Banjarnegara – Banyaknya kasus tindak pidana yang melibatkan anak sebagai korban dan pelaku di Banjarnegara, membuat Dinas Sosial Pemberdayaan Perempuan dan Anak (Dinsos PPA) terus melakukan pendampingan terhadap korban serta pencegahan.

Dalam melakukan pencegahan, Dinsos PPA Banjarnegara terus menjalin komunikasi dengan pihak sekolah, serta Kejaksaan Negeri Banjarnegara. Hal ini dilakukan untuk memberikan pendampingan, serta pencegahan tindak pidana yang melibatkan anka.

Kepala Dinsos PPA Banjarnegara, Noor Tamami mengatakan, untuk tindak pencegahan, pihaknya sudah melakukan kerjasama dengan pihak sekolah, termasuk melakukan komunikasi dengan guru BK sekolah. Hal ini dilakukan, agar komunikasi antara penaga pendidik dengan anak bisa lebih baik.

“Jadi guru BK ini, nantinya tidak hanya memanggil anak yang bermasalah, tetapi juga melakukan pendekatan terhadap anka sekolah sebagai tindakan antisipasi,” katanya.

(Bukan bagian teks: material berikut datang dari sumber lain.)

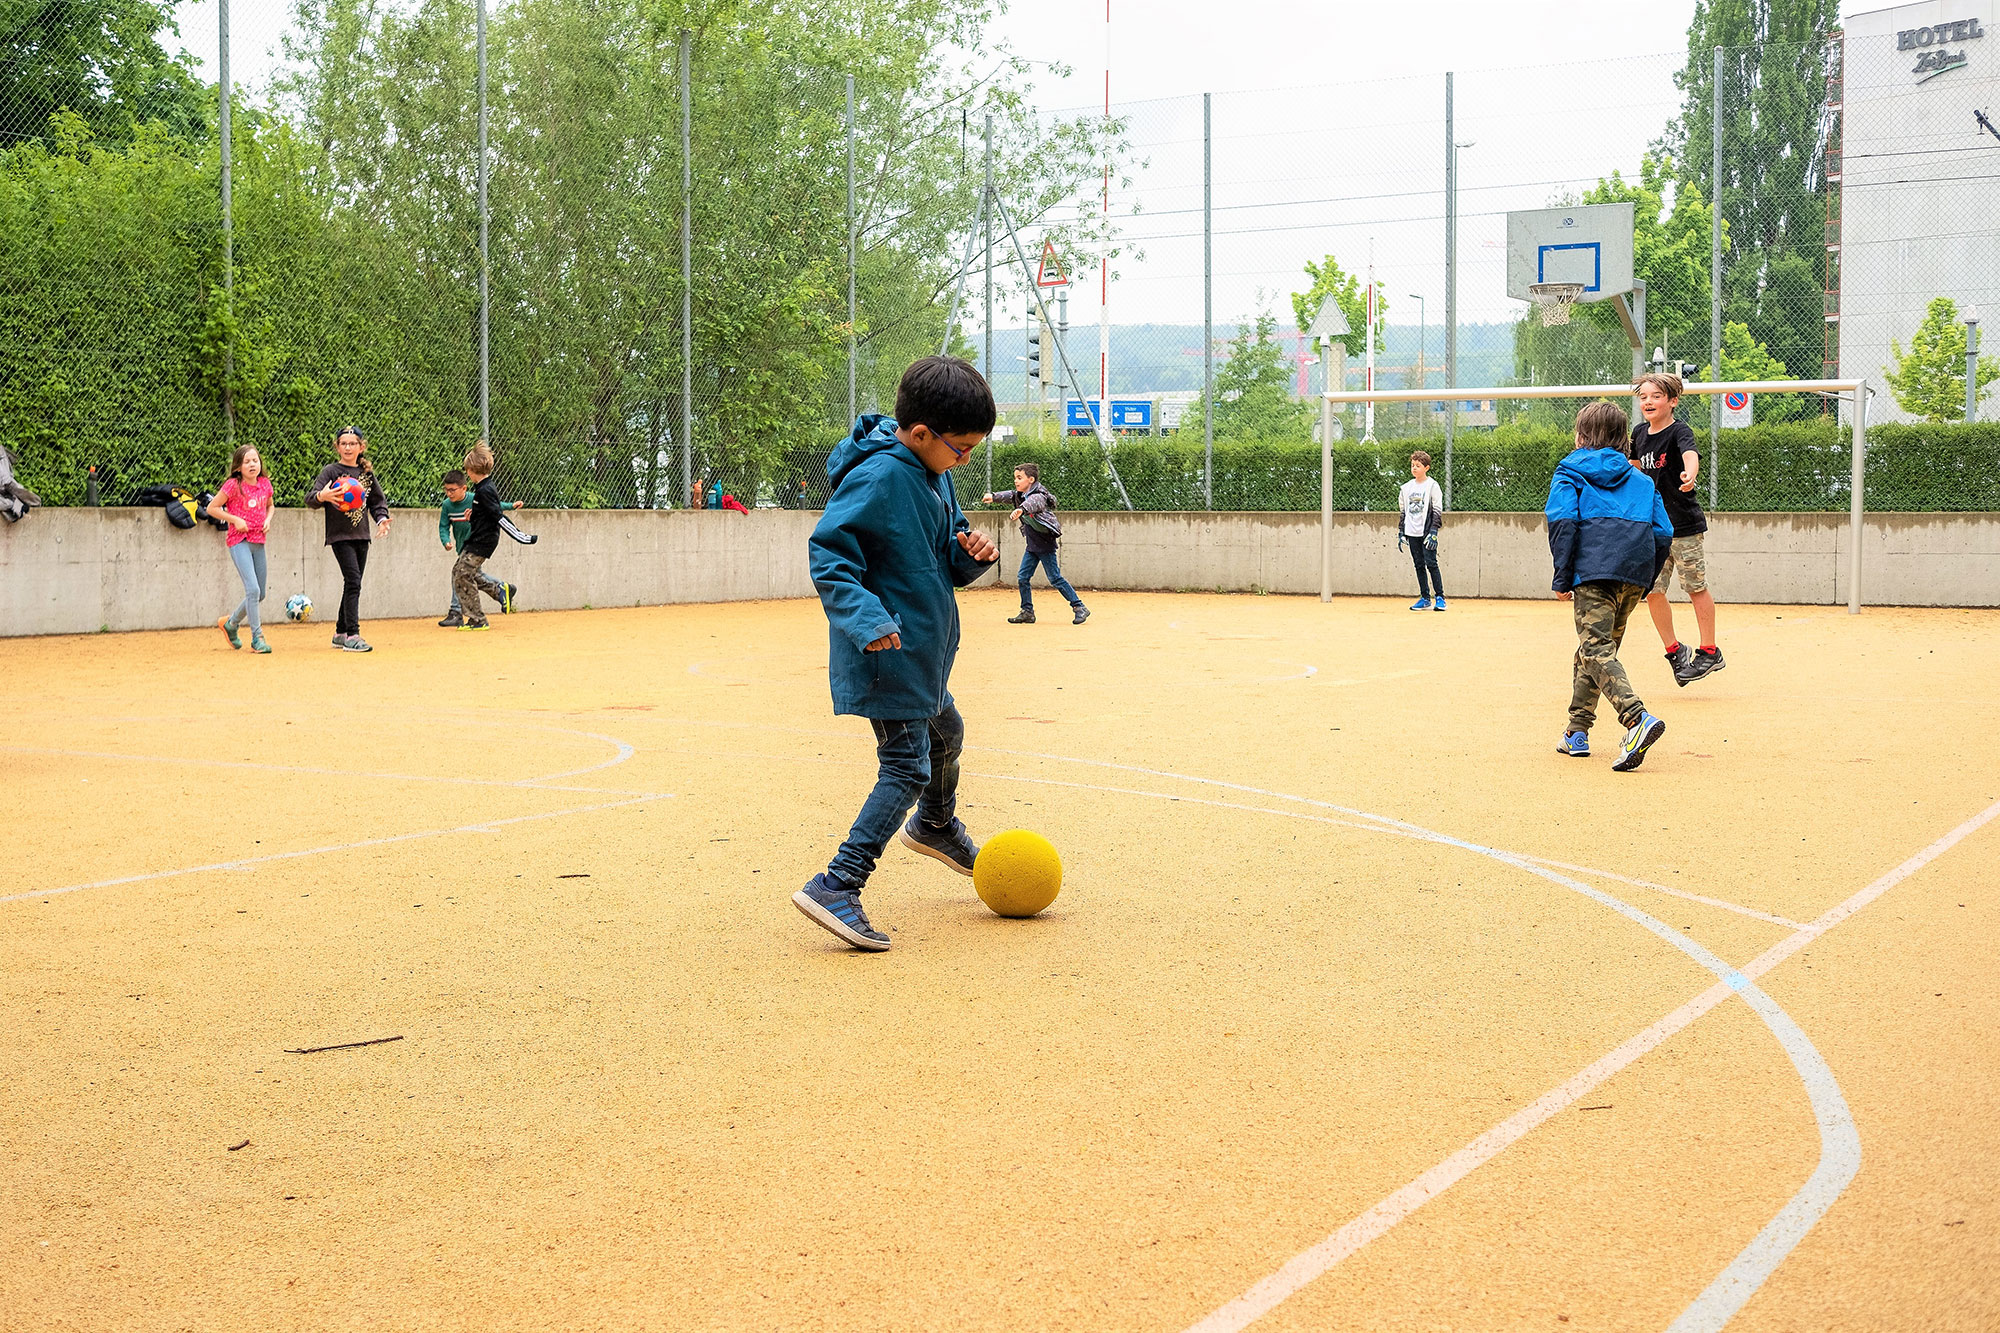 Ein paar Kinder spielen auf dem Sportplatz vor der Schule. Im Fokus ist ein Junge, der mit einem Fussball spielt.

Untuk korban kekerasan terhadap anak, pihaknya juga terus melakukan pendampingan bersama dengan relawan psikologis agar mental anak kembali baik.

“Kita juga masih mengaktifkan forum anak, di sini anak tidak hanya menjadi objek, tetapi meningkatkan mental anak untuk bisa lebih komunikatif dengan berani melapor,” katanya.

Dengan pendekatan yang baik, maka komunikasi anak akan lebih nyaman. Sebab sekolah tidak hanya mencerdaskan, tetapi juga mendidik. Dia juga selalu mewanti-wanti agar pihak sekolah tidak mengucilkan anak yang menjadi korban, khususnya korban kekerasan.

Tak hanya itu, bentuk pencegahan tindak pidana terhadap anak juga dilakukan oleh Kejaksaan Negeri Banjarnegara melalui program Jaksa Masuk Sekolah. Hal ini sangat penting, agar anak usia sekolah mengenal hukum lebih dini, sehingga mereka tidak melakukan tindakan yang menyebabkan mereka harus berurusan dengan hukum.

Seperti diketahui, berdasarkan data yang ada di Kejaksaan Negeri Banjarnegara, kasus kekerasan terhadap anak mengalami peningkatan. Bahkan pada tahun 2020 lalu, terjadi 21 perkara pindak pidana dengan 17 pelaku anak di bawah umur. Tak hanya itu, pada tahun 2022 ini juga telah terjadi 8 perkara tindak pidana yang melibatkan anak, baik sebagai korban maupun pelaku.

“Ini menjadi perhatian bersama, semua pihak harus terlibat yang terpenting adalah mengembalikan psikologi anak. Sehingga, mereka tetap bisa menjalani hidup dengan normal dan tidak merasa kehilangan masa remajanya,” ujarnya.